→ DATASET CONTENT
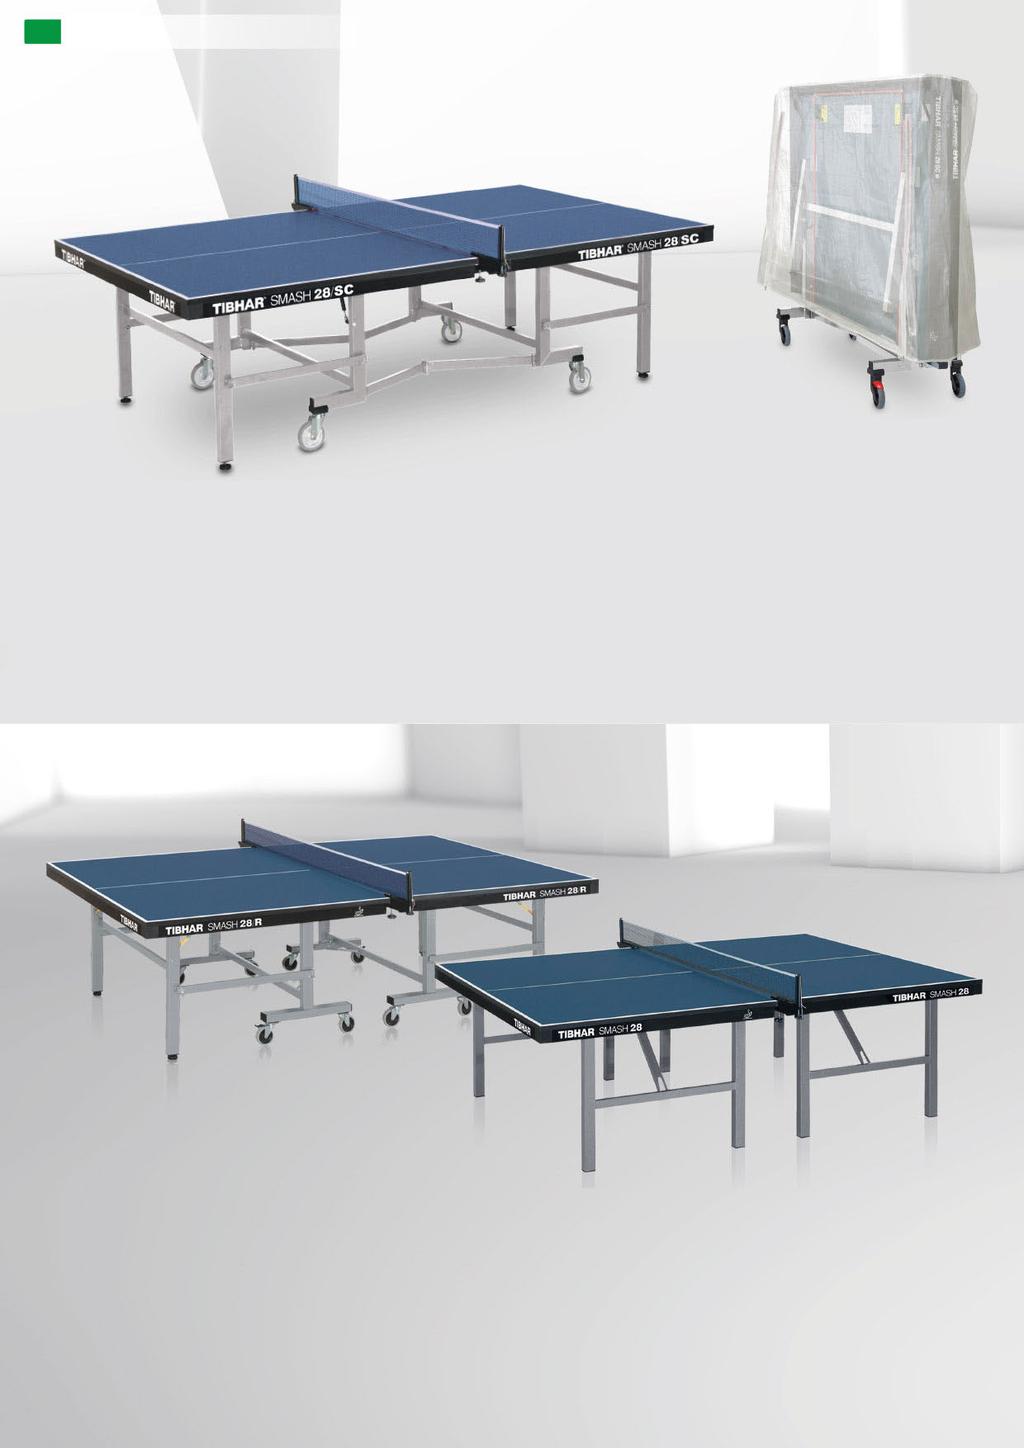 60 COMPETITION TABLES SMASH 28/SC Super Comptact table, can be opened by one person Both sides open simultaneously Pressurized gas cylinders counterbalance the weight of the surface Secured closing
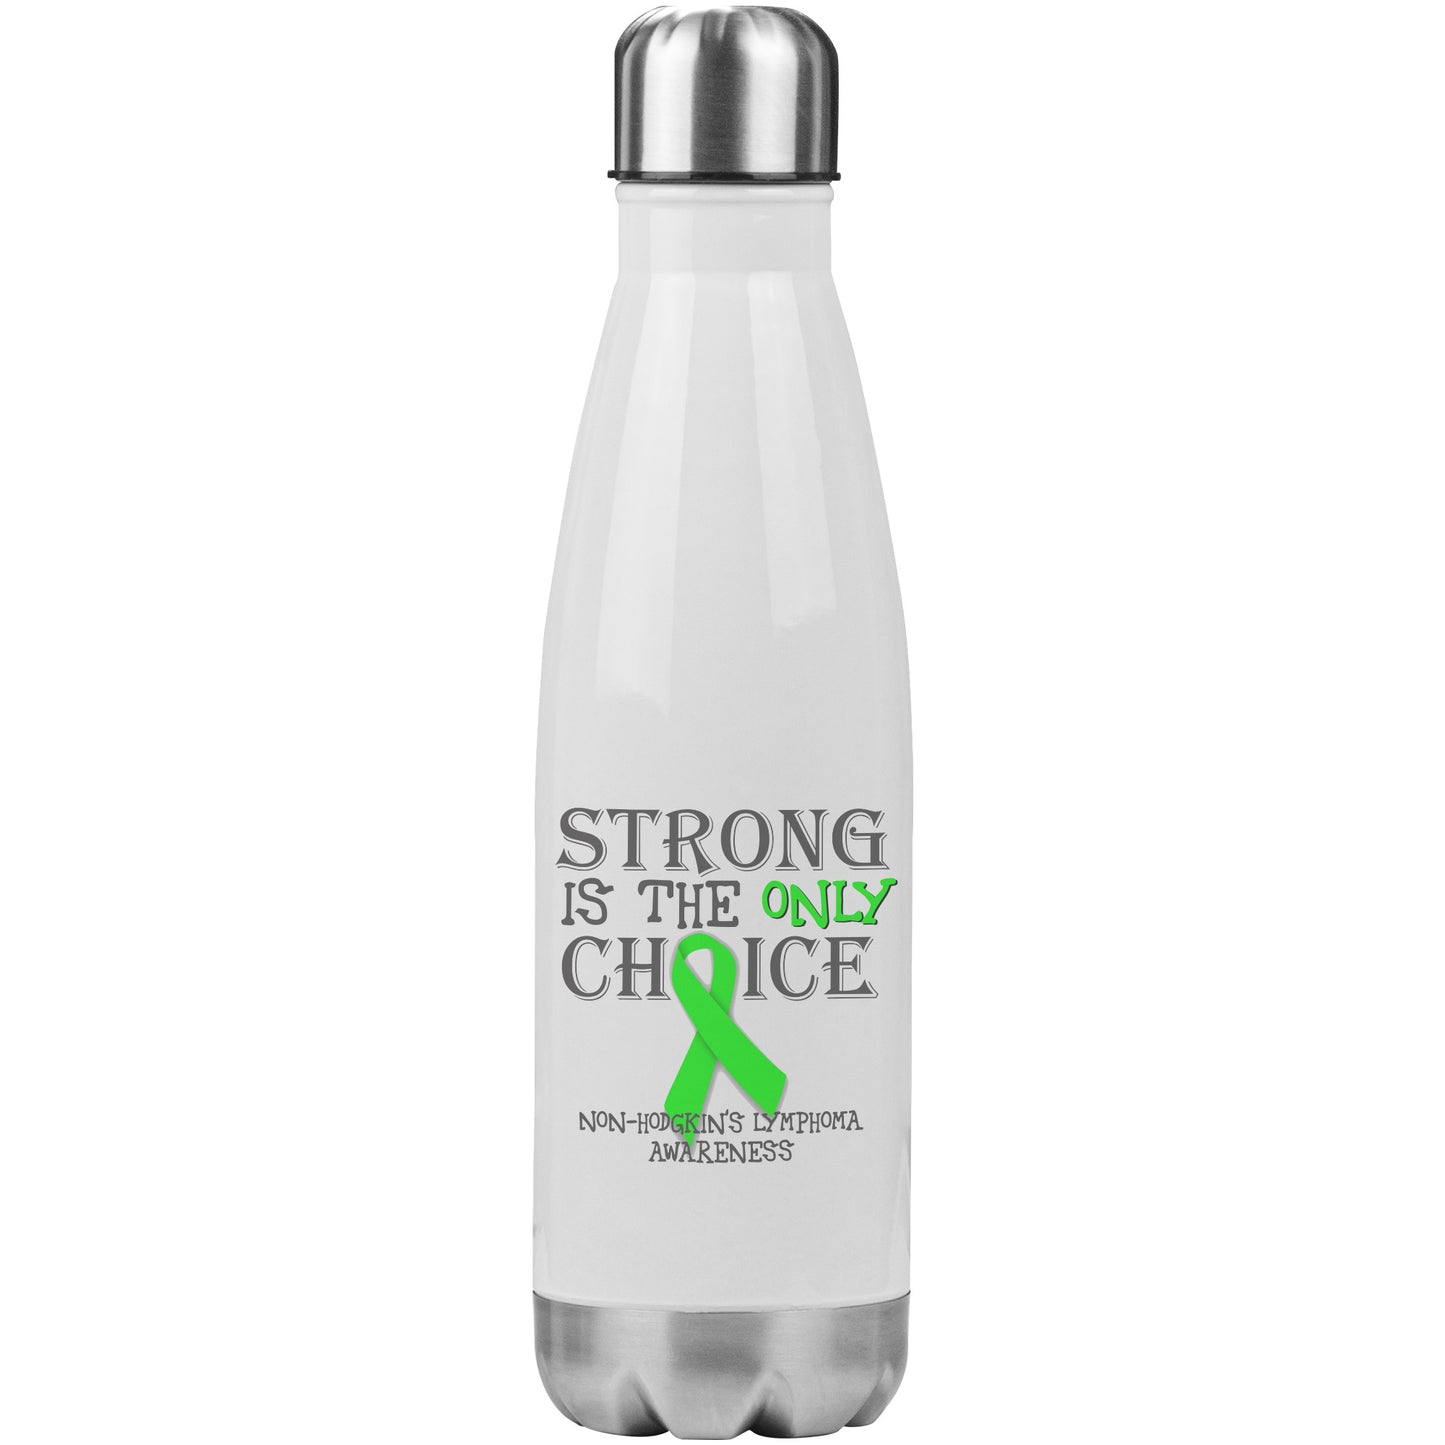 Strong is the Only Choice -Non-Hodgkin's Lymphoma Awareness 20oz Insulated Water Bottle
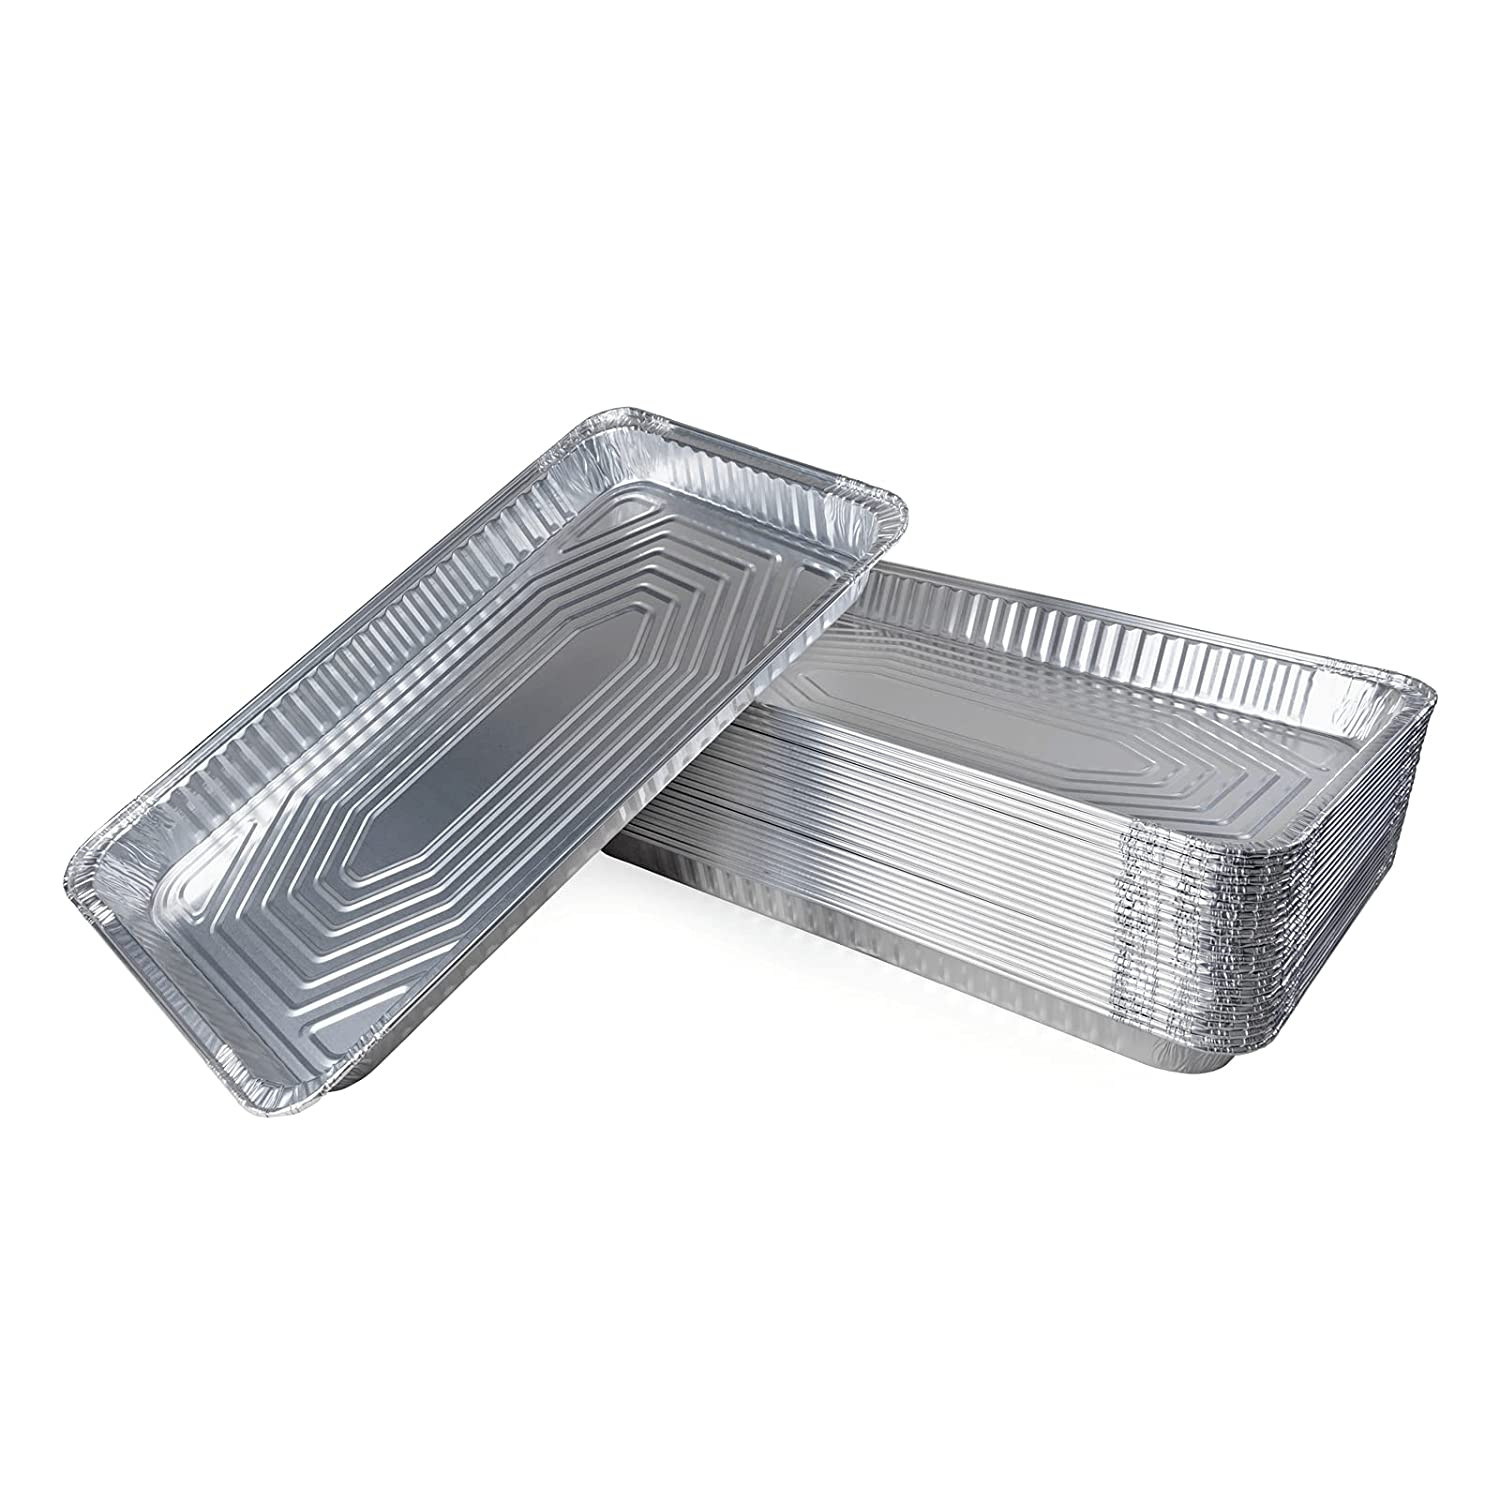 Heavy Duty Full Size Shallow Aluminum Pans with Lids Foil Roasting & Steam  Table Pan 21x13 inch - Shallow Chafing Trays for Catering Disposable Large

→ PROBLEM STATEMENT
Give back the material exactly as written, from its first line to the line that contains "Strong is the", and leave out the pictures.

→ FINISHED EXERCISE
 60 COMPETITION TABLES SMASH 28/SC Super Comptact table, can be opened by one person Both sides open simultaneously Pressurized gas cylinders counterbalance the weight of the surface Secured closing
 Strong is the Only Choice -Non-Hodgkin's Lymphoma Awareness 20oz Insulated Water Bottle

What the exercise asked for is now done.